她寻了处低矮的墙壁,靠在上头喘个不停,还时不时回头望望。
见果然没有他人追来,沈舟才掏出帕子擦了两下滴汗的脸颊,这才发觉,脸已经滚烫的如同个小火炉。
“这个呆子,来得也太及时了些吧,就差几步的距离,都怪那个楚子行,在那磨蹭个什么劲。”沈舟用手背紧贴着脸蛋,燥热感方消了几分,她又往墙面上瞧了会,迈着步子往元好家赶去。
眼下已是黄昏,来时的店铺也关了不少,沈舟攥紧几个油纸包,惴惴不安的翻起了元家的围墙。
二进而出的院子,只有元好三人居住显得格外空旷,是以,为防半夜有小贼闯入,元好特意将围墙加高了几尺,还撒上了生石灰。
沈舟单手爬墙,特意挑了个半荒弃的后院,费了极大力气才跳了进去。
诺大的空地,除却几片发黄枫叶飘在空中,连个人影都不见。
“看来我猜对了,沈家护卫果然不在此处看守。”沈舟窃喜一笑,猫着腰就往前院窜,一声幽幽的叹息突然飘了过来。
“舟儿,你今早说身子不适,要休养在床,怎么却一个人在这蹦跳?”
遭了,是娘亲!好端端的,她怎么往这边来了!
沈舟脑内顿时空白一片,听见沈安惠的不停催促,只得僵硬的把头转了过去:“娘!”
“舟儿,你手里怎么还拎着六合斋的蜜饯,这几日我未叫人出去买,你是从哪弄来的?”
沈安惠脸上还是温和的笑,可如在落在沈舟眼内,就带了些逼问的架势了。
沈舟在心中做了一番挣扎后,乖乖低了头:“女儿在院内待得实在憋屈,无奈之下,只好装病偷跑去街上玩,娘亲若要罚,那便罚吧!”
每说出一个谎言,便要用更多的谎言去掩盖,沈舟不喜这般麻烦,索性当面认错,却不料沈安惠竟发出声无奈的低笑。
“舟儿长大了,许多事娘亲也做不得主,既然你这般愿意同季大人交好,那便去吧,娘以后不再拦你就是。”
沈舟只觉手心一热,抬起头便看见怜惜目光,隐约中还带了点泪花。
“娘,我去街上只为散心,与季大人无关。

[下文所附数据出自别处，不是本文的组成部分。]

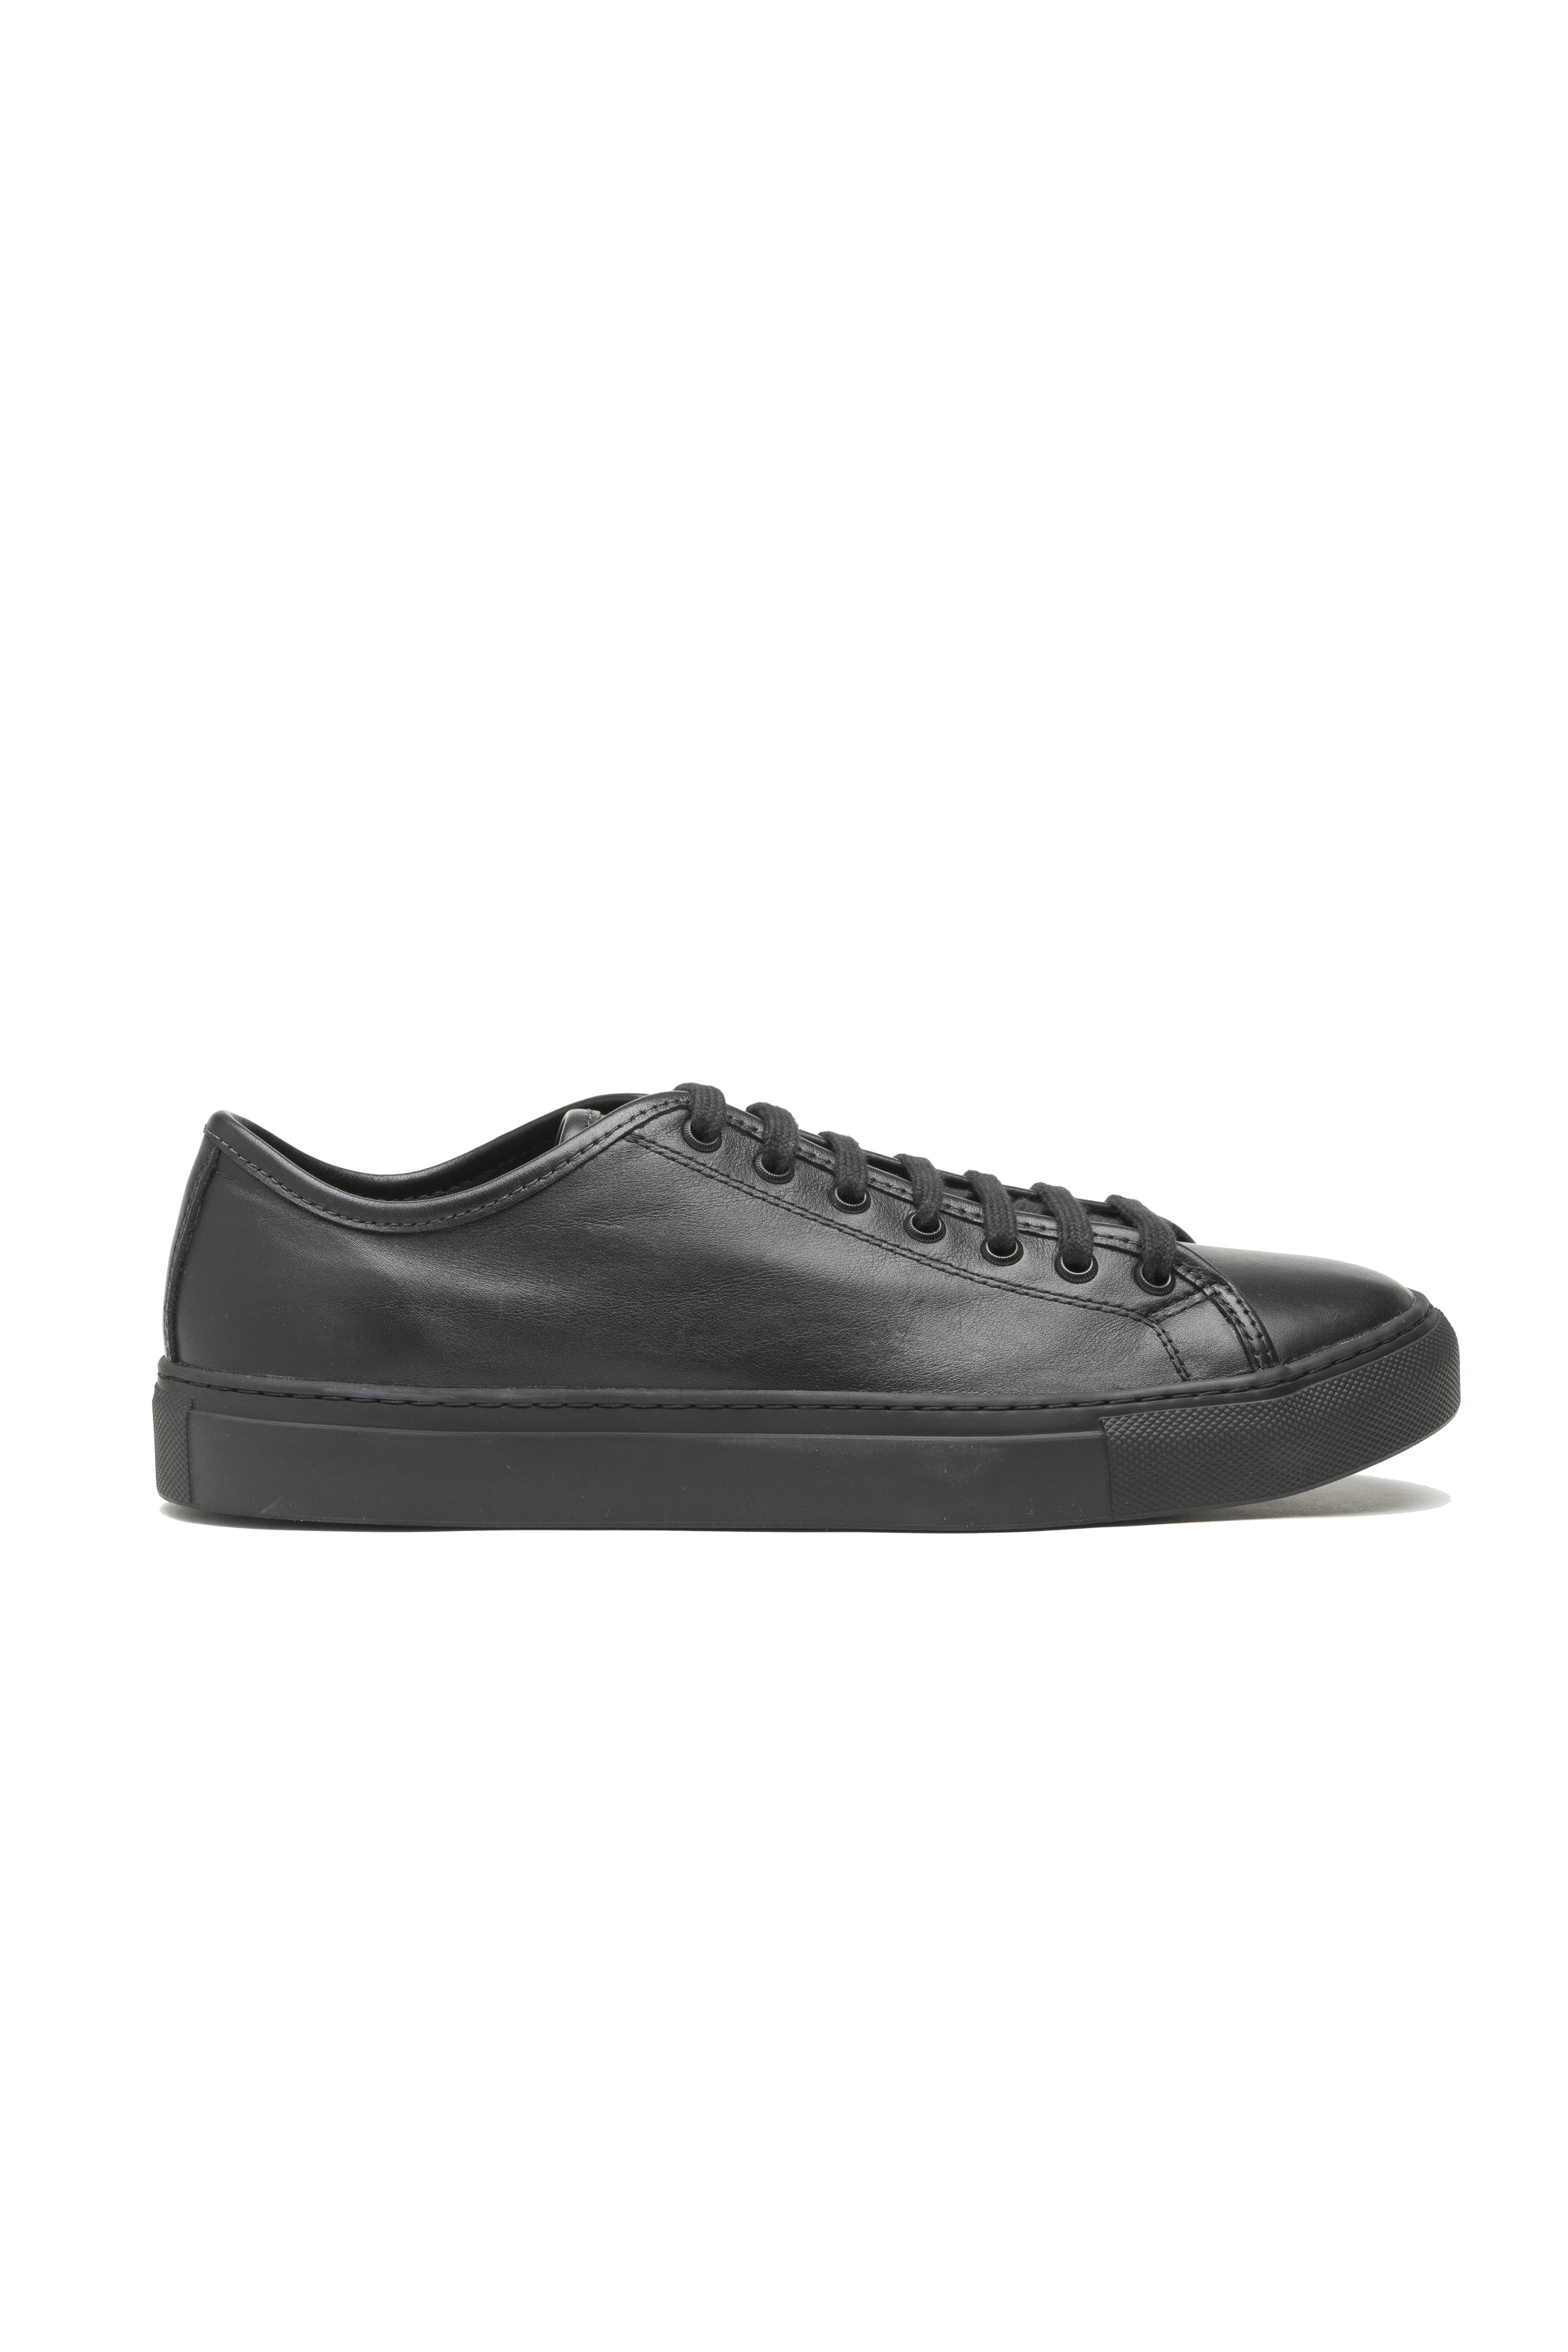 SBU 04207_2023SS Classic lace up sneakers in black calf-skin leather 01
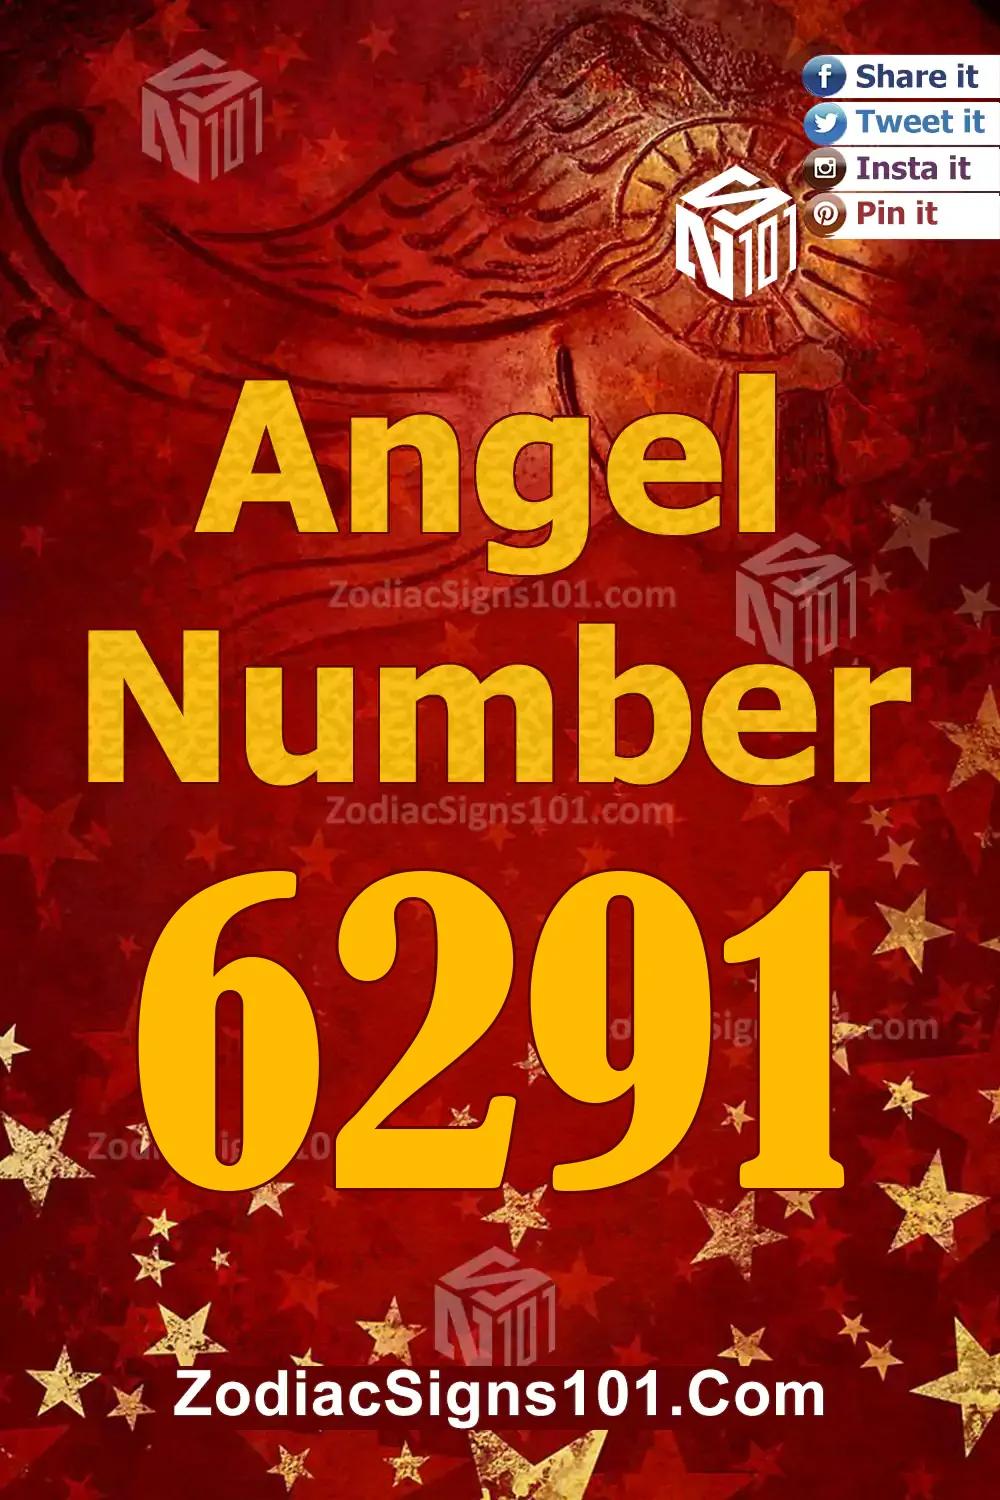 6291 Angel Number Meaning

”沈舟料定她是误会些什么,忙开口辩解,可回应她的又是一声轻笑。
“你是娘从小看到大的,想着什么我会不知?一直守在县衙周围的护卫方才来报,你确实入了县衙,还在季大人跟前哭了起来。”
沈安惠见她一副被雷劈中的模样,脸上浮起丝担忧,“女儿啊,自古情深者不寿,你可不要陷了进去。”
语罢,又不放心得同沈舟讲了些女诫与女训里的教条,才催促着人回屋歇息。
始终如一提线木偶的沈舟,待沈安惠离去,眼中才恢复点光彩,站在院前,仰天长叹。
谣言简直能害死人,明明是她对季越同躲避不及,怎么一经传出,就生生变了味。
自己会在个男人跟前哭?跳楼赴死时,她脸上可还带着笑呢!
不过能解除禁锢,倒也算因祸得福,沈舟宽慰自己两句,抬步进了小屋。
结果,眼前诡异一幕将她惊得把蜜饯都扔掉了。
“小竹,齐河,你们在做什么?”
站在房门口的小竹,手里头紧攥着个没出鞘的匕首,死死盯着不远处的桃树,脸上的表情看起来仿佛随时会英勇就义。
而桃树上依靠着的齐河,正一脸淡漠的抱着把刀,连眼皮都没掀,直到听见沈舟的喊声,才扭头瞥了她一眼。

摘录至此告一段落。